Material provided:
○ ○ ○ ○ ○ ○ ○

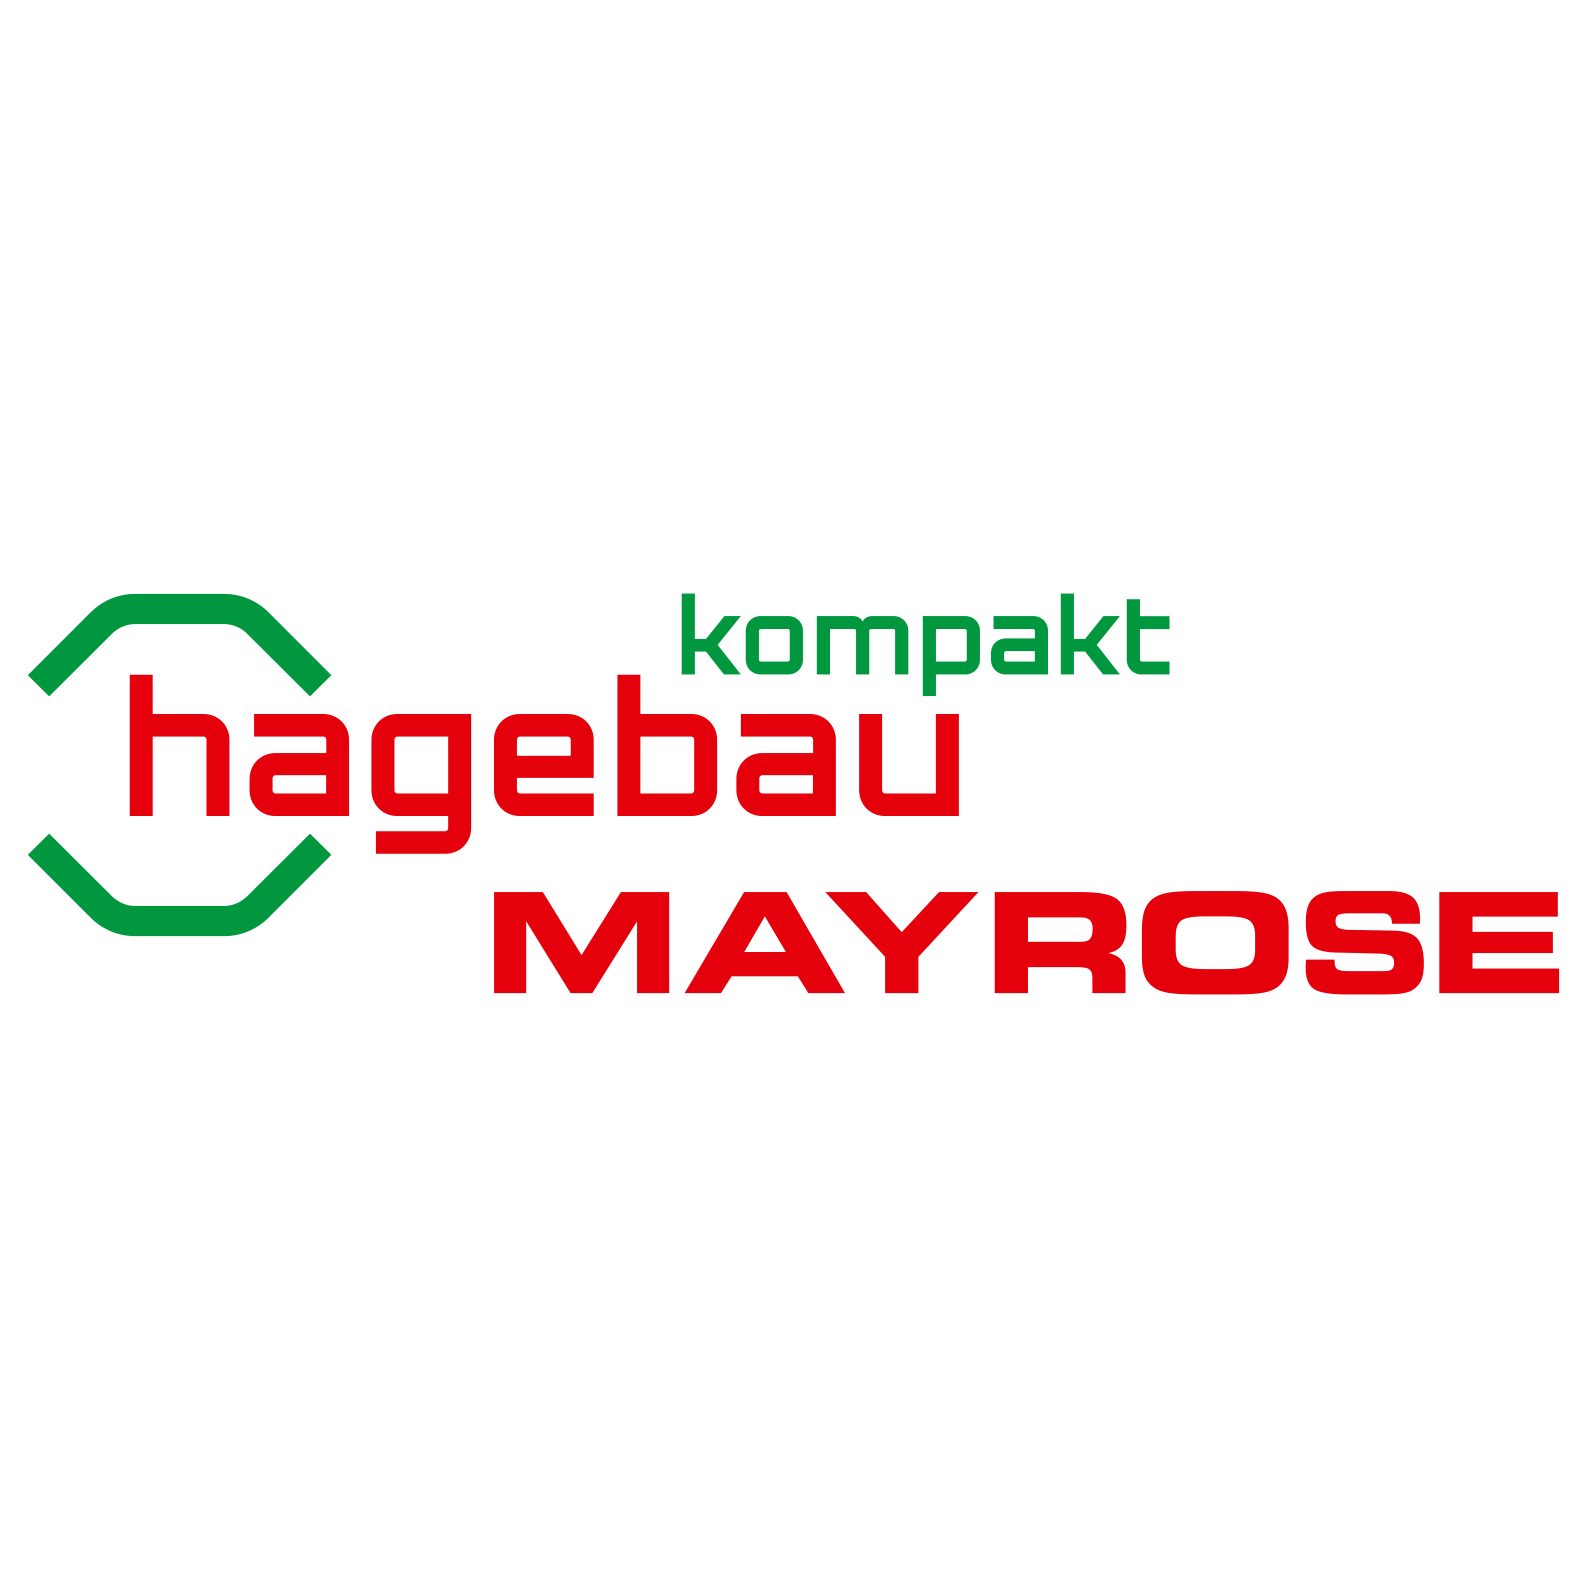 hagebau kompakt / Mayrose-Rheine GmbH & Co. KG  
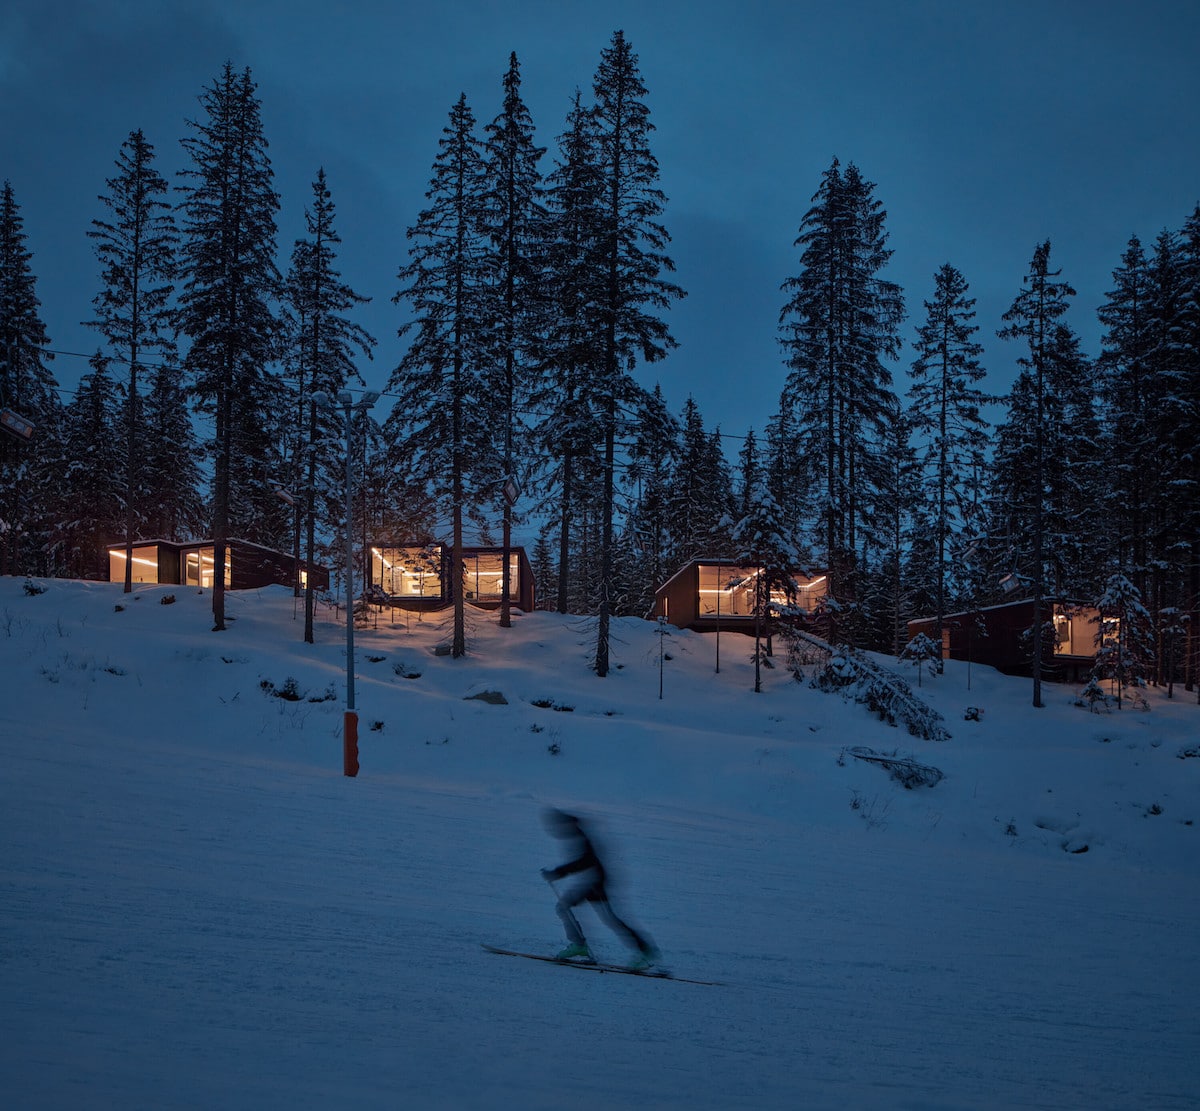 Tree Houses of Hotel Björnson by Ark-Shelter
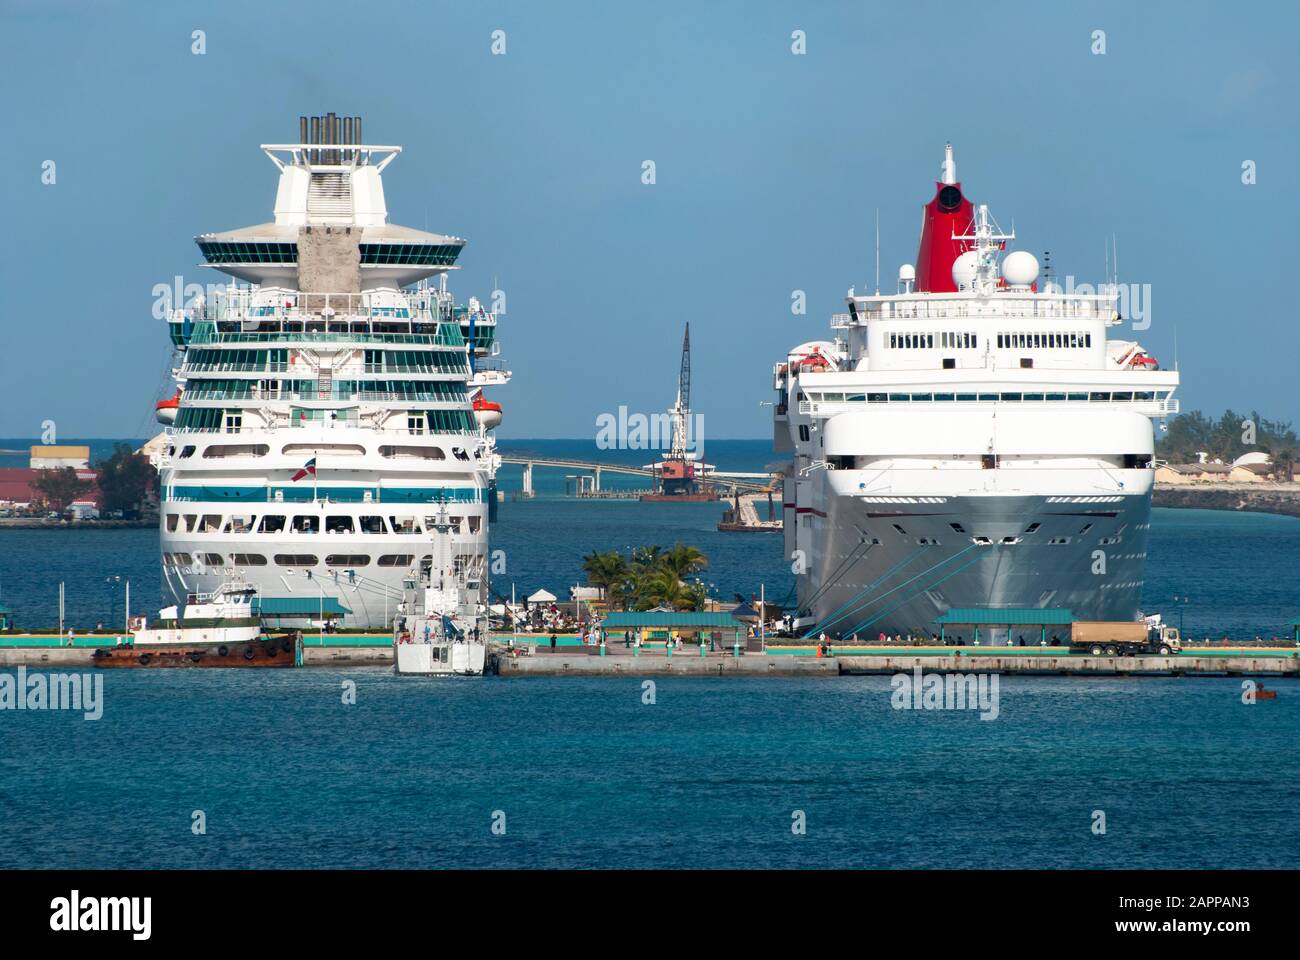 La vue du matin de deux grands paquebots de croisière amarrés dans le port de Nassau (Bahamas). Banque D'Images

○ ○ ○ ○ ○ ○ ○

What the task requires:
Your task is to repeat the data above exactly while excluding the pictures.

Answer area:
 hagebau kompakt / Mayrose-Rheine GmbH & Co. KG  
 Tree Houses of Hotel Björnson by Ark-Shelter
 La vue du matin de deux grands paquebots de croisière amarrés dans le port de Nassau (Bahamas). Banque D'Images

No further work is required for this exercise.